Those accomplishments aside, Griffin is currently fascinated by how America is reacting to the fact that Donald Trump is now president of the United States. And she’s not alone in that. She finds her audiences are following him, too — often with concern. “Everyone is saying ‘Oh, my God, we need to laugh,’ ” she says. “It’s definitely a different time out there. I’ve been doing this for a long time and I’ve never seen anything like it.”
Known for the celebrity-inspired humor that was featured on her Bravo network reality show Kathy Griffin: My Life on the D-List, Griffin uses the fact that another celebrity reality-TV host is actually occupying the White House in her material.
“And (with) a cast of characters,” Griffin says. “Bannon, Kellyanne Conway and the rest — they look like the final scene of Intervention.”
Griffin has a theory about Steve Bannon, the inelegant-looking assistant to the president and chief strategist who previously headed the far-right extremist Breitbart News. She notes it is only a comedic theory, so it’s under First Amendment protection.
“I need someone to tell me that Steve Bannon isn’t doing meth, because I see so much more than booze,” she says. “I don’t just mean the Time Magazine cover. This guy is a hot mess.”
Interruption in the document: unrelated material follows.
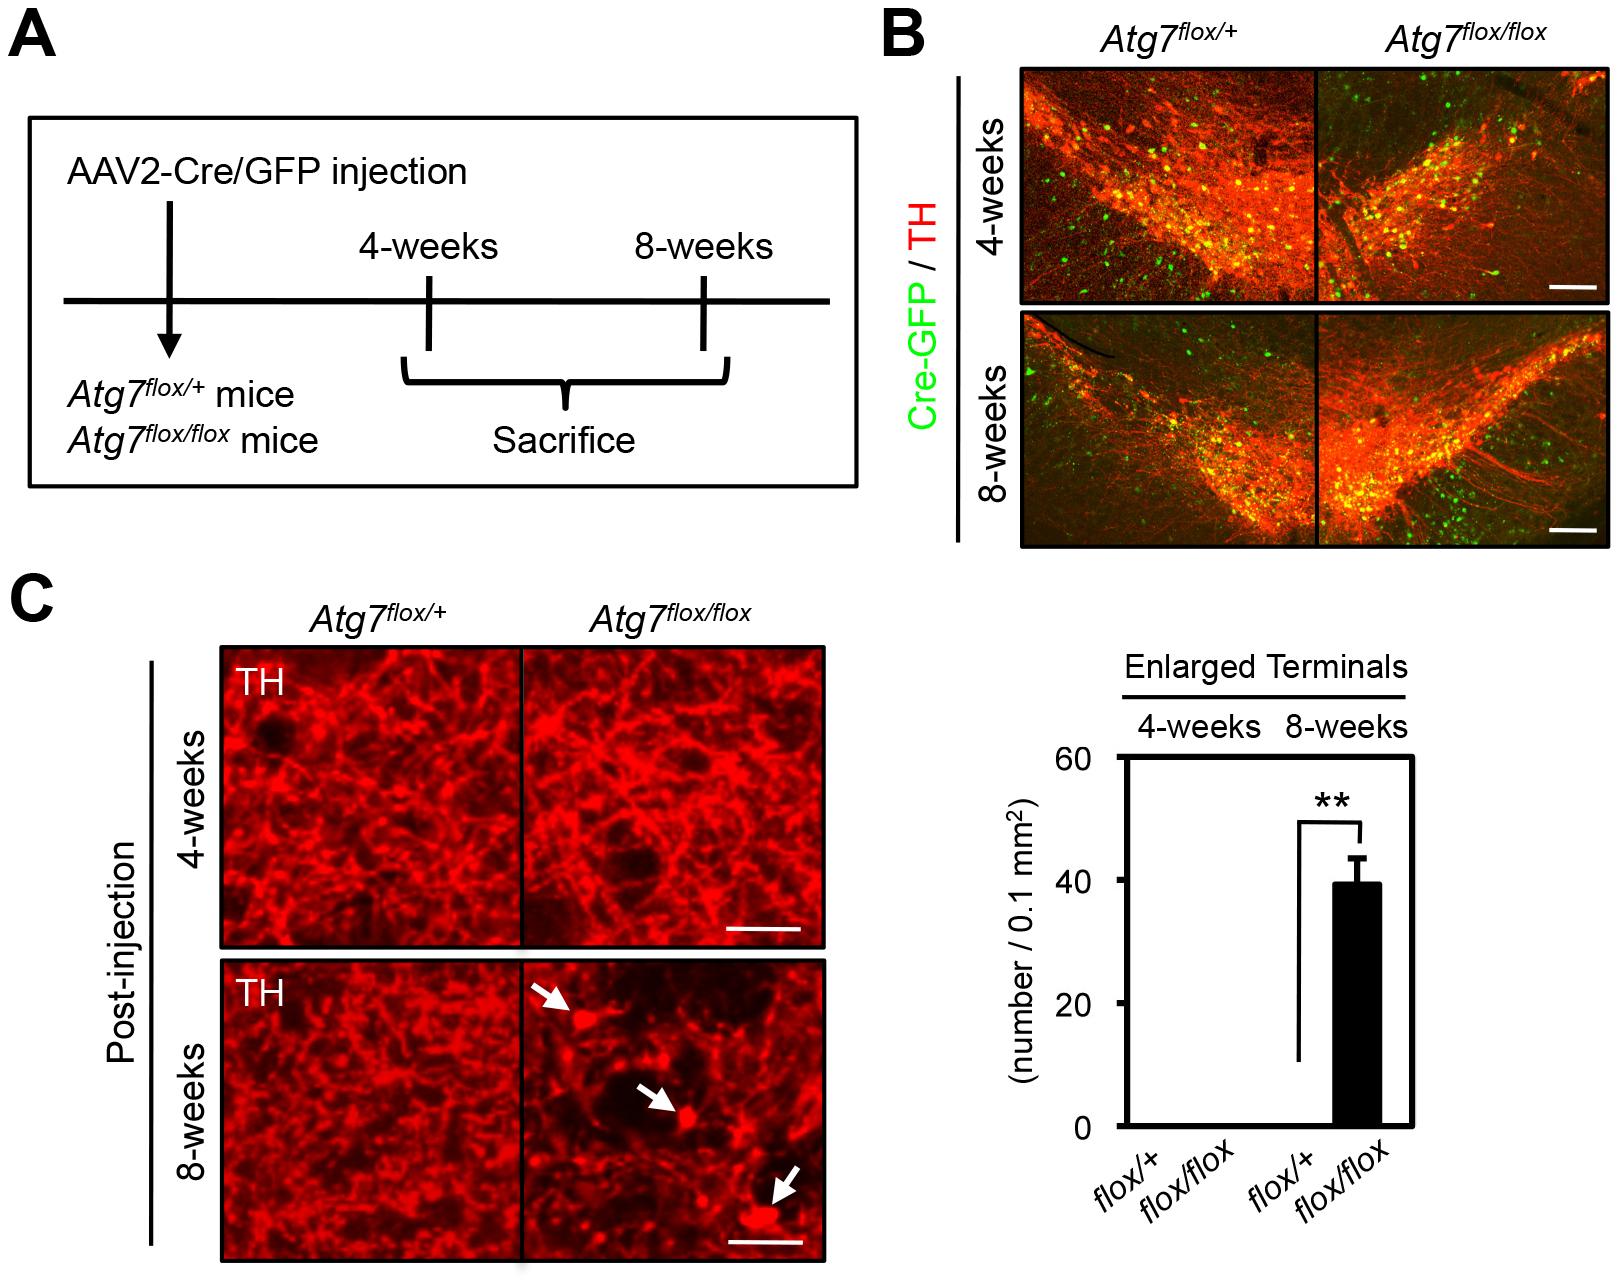 Atg7 regulates morphological plasticity of mature dopaminergic axon terminals.

The twist in all this is that Griffin knows Trump, having met him several times over the course of her career. “I’ve known him off and on since 1995,” she says. “I feel very privileged to be able to bring my own personal run-ins with ‘The Cheeto’ to audiences all over, but most importantly to Cincinnati. The Taft Theatre audience needs to hear from someone who has met him several times.”
Griffin does not have a high opinion of the man. “I found him to always be a buffoon,” she says. “But honestly, and I think unfortunately, a lot of people just thought he was harmless. I just thought he was an orange version of one of those idiots on (Bravo’s) Million Dollar Listing.”
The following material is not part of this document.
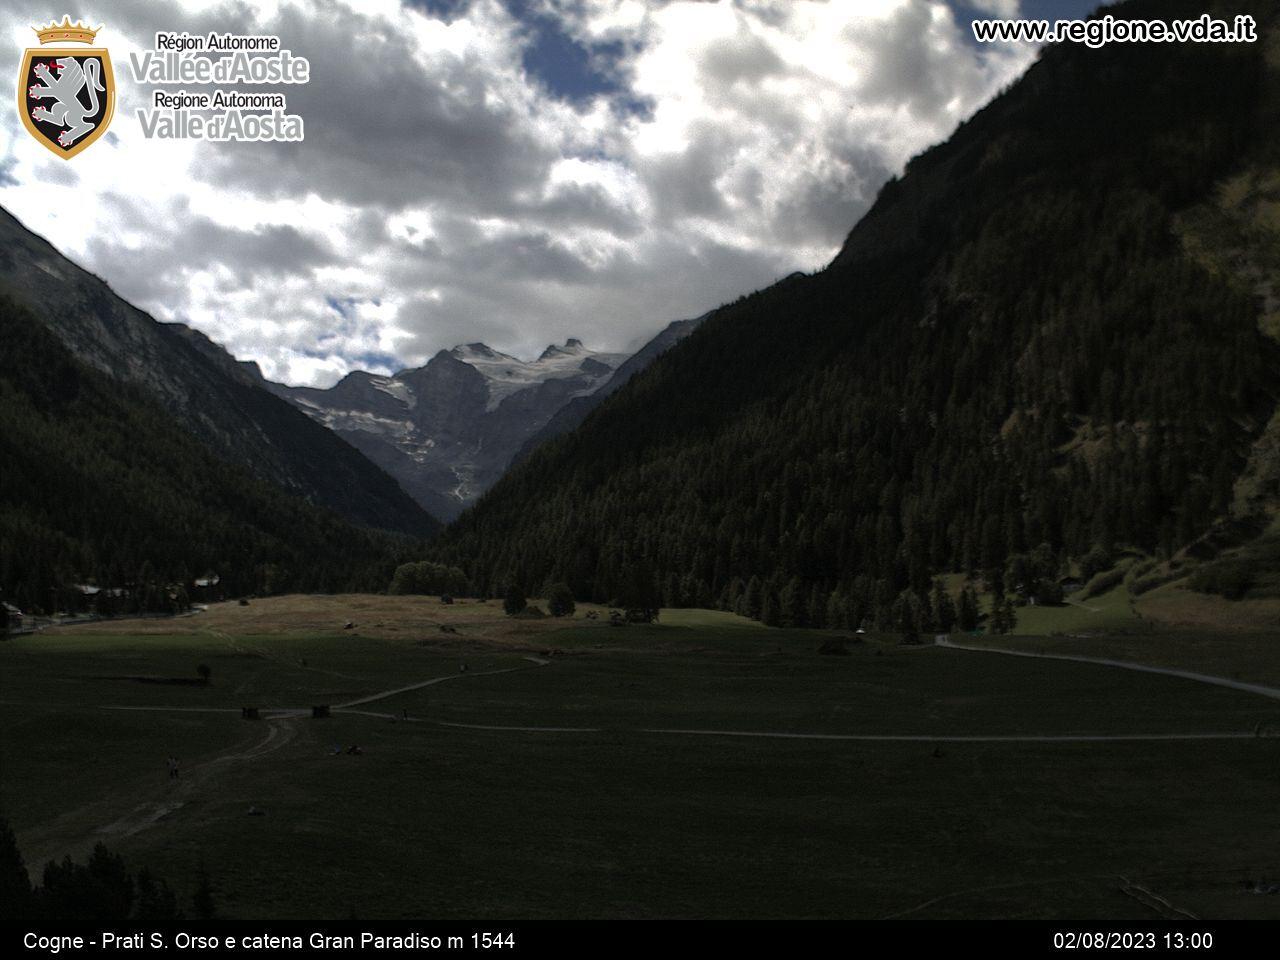 Webcam da Cogne verso Valnontey - Gran Paradiso sullo sfondo

To Griffin, Trump was just an eccentric realtor. “Every city, it seems, has this kind of character,” she says. “He was the wacky New York realtor dude that wanted to be famous.”
What surprised her most about him, she says, is how vulnerable he seemed in past meetings with her. “Almost every time I’ve run into this fool, he comes up to me and says, ‘Uh, oh, don’t be too hard on me. I know you’re going to be funny, but you can be tough.’ I find that fascinating.”
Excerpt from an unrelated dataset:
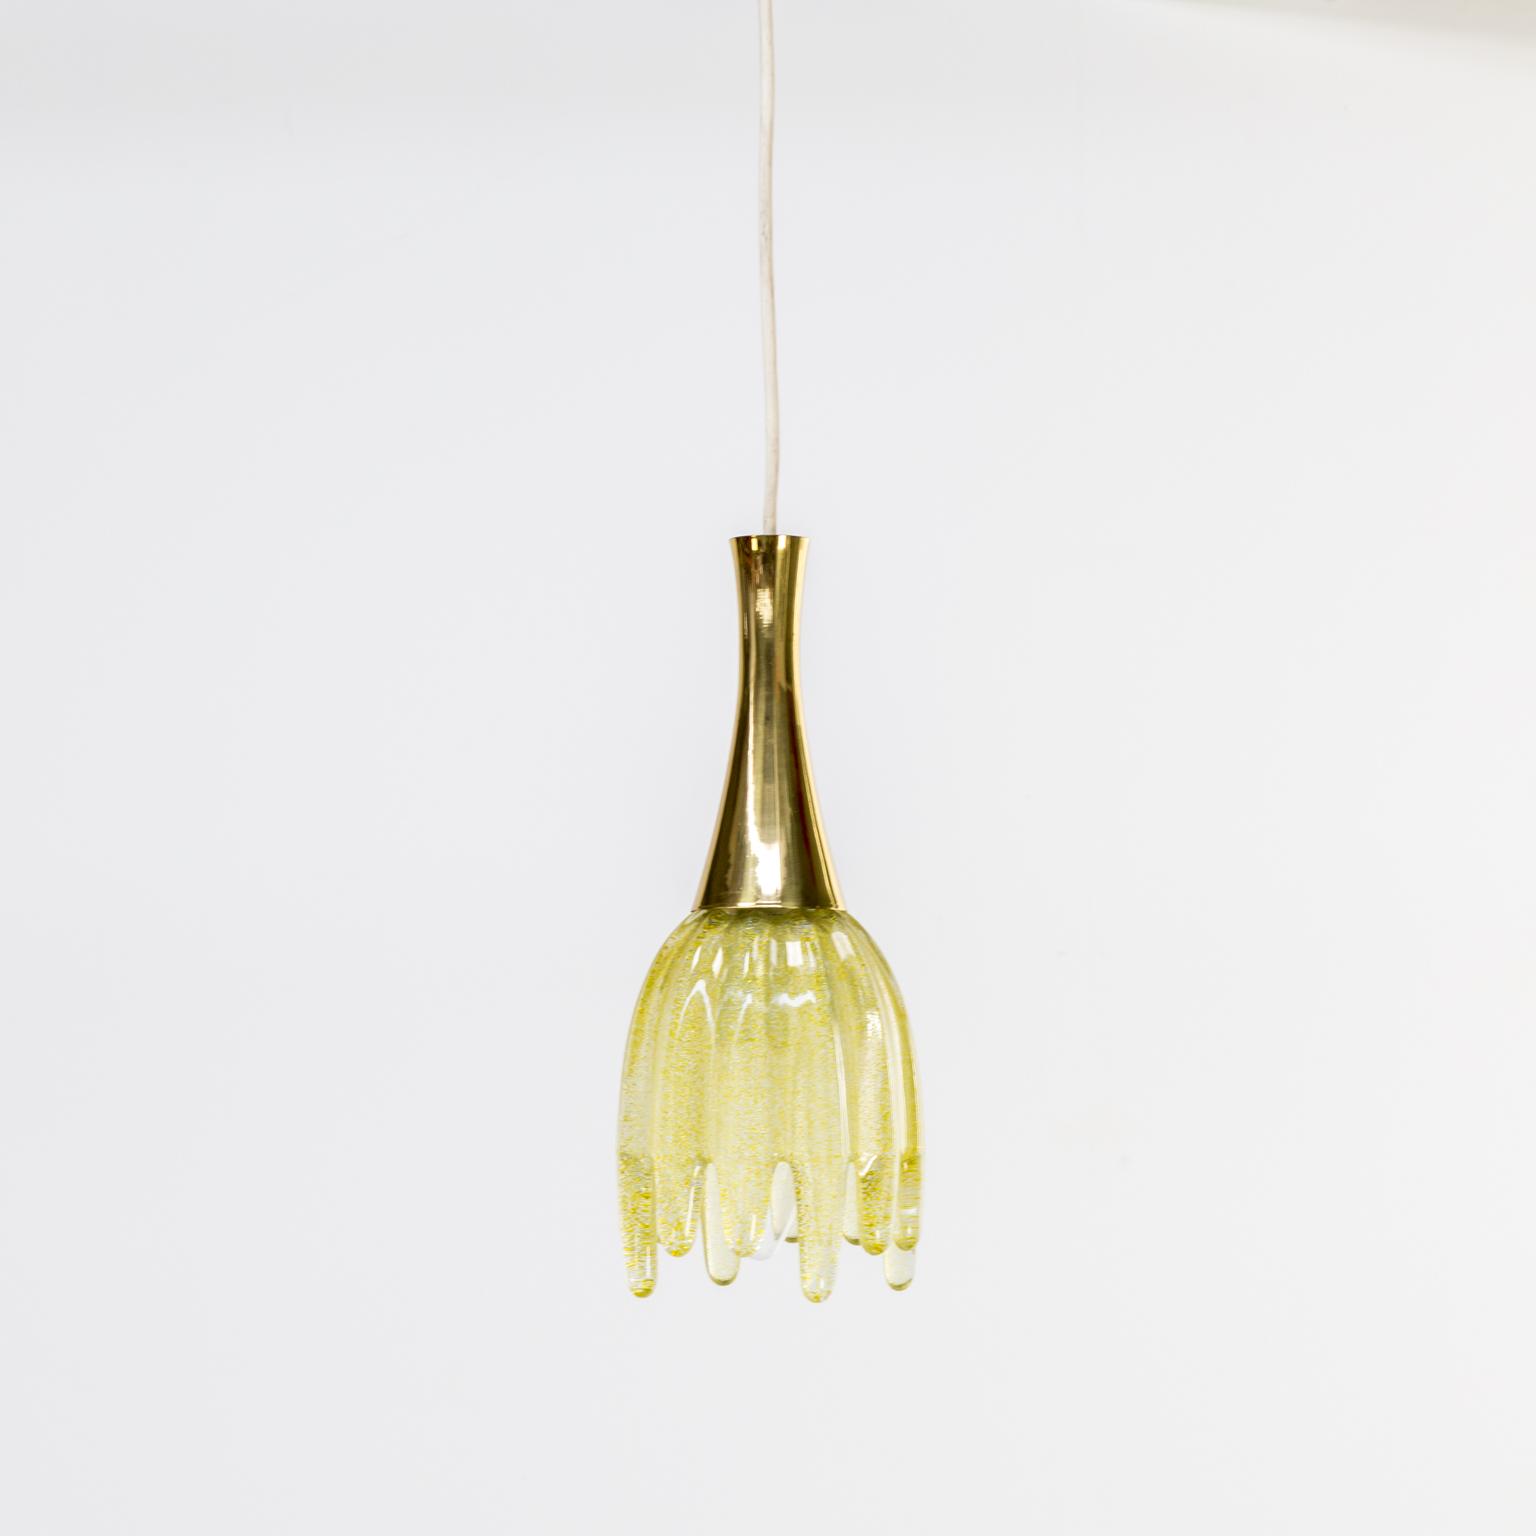 60s brass and murano glass hanging lamp

Trump was friendly with Griffin’s late friend and mentor Joan Rivers. “I think she got a kick out of him, but I don’t think she knew this (other) side of him,” she says. “I don’t know if anybody knew he was this racist and stupid, because I think you assume that people who have done well in one area or another have a certain acumen or certain talents.”
When Griffin started doing stand-up in the 1980s, she mostly talked about her family and relationships. However, when she was cast in the sitcom Suddenly Susan in 1996, as one of star Brooke Shields’ co-workers, her career moved into a different direction.
“I started being around a lot of famous people,” she says. “And, as you know, I couldn’t keep my mouth shut.”
That show lasted four seasons and was a fantastic experience, Griffin says. “It was a very middle-of-the-road show, but there I was finally getting my overnight success at the age of 36, and in an environment where, for four years, these incredible people came on the show as guest stars. Joan Rivers played my mom, which was heaven.”
Today Griffin lives next door to the very upper echelon of the celebristocracy: the Kardashians. Well, Kim and hubby Kanye West. To prove that fact during a phone interview she opens her door and gives a shout out to Kardashian. “She’s not out there,” Griffin says upon returning to the call. “But if she was, she would easily hear me. It’s wonderful. I live next door to my act.”
Griffin also has become one the last faces we see at the end of each year, as a result of co-hosting CNN’s New Year’s Eve Live with Anderson Cooper for 10 years running. Her often-outrageous antics on that show frequently make her one of the first things people talk about in the new year.
Her current tour is primarily a vehicle to promote her book, Kathy Griffin’s Celebrity Run-Ins, which she describes as a complete index of the people she has met over the course of her career. “A lot of these run-ins or meetings may not be appropriate for my act,” she says. “They might be weird or jaw-dropping.”
While writing the book, she realized she had forgotten meeting some very big names. “I was looking back at my own IMDb page and I did not realize Aaron Paul (Breaking Bad) was a guest star on Suddenly Susan,” she says. “I can’t remember that for the life of me. I had to call up the casting director and ask, ‘Who did Jesse Pinkman play?’ ”
Her tales of celebrity run-ins and meetings are unending. However, Griffin wants to reassure those attending her performance at the Taft that, “If you paid your hard-earned money for the book and you come to see the Celebrity Run-Ins Tour, don’t think I’m going to stand on stage and read from it.
“It’s all new material. How could it not be? I’m not saying I could do a whole new show every day, but with everything going on, I feel like I almost could.”
KATHY GRIFFIN will perform at Taft Theatre, 317 E. Fifth St., Downtown, 8 p.m. Friday. Tickets/more info: tafttheatre.org.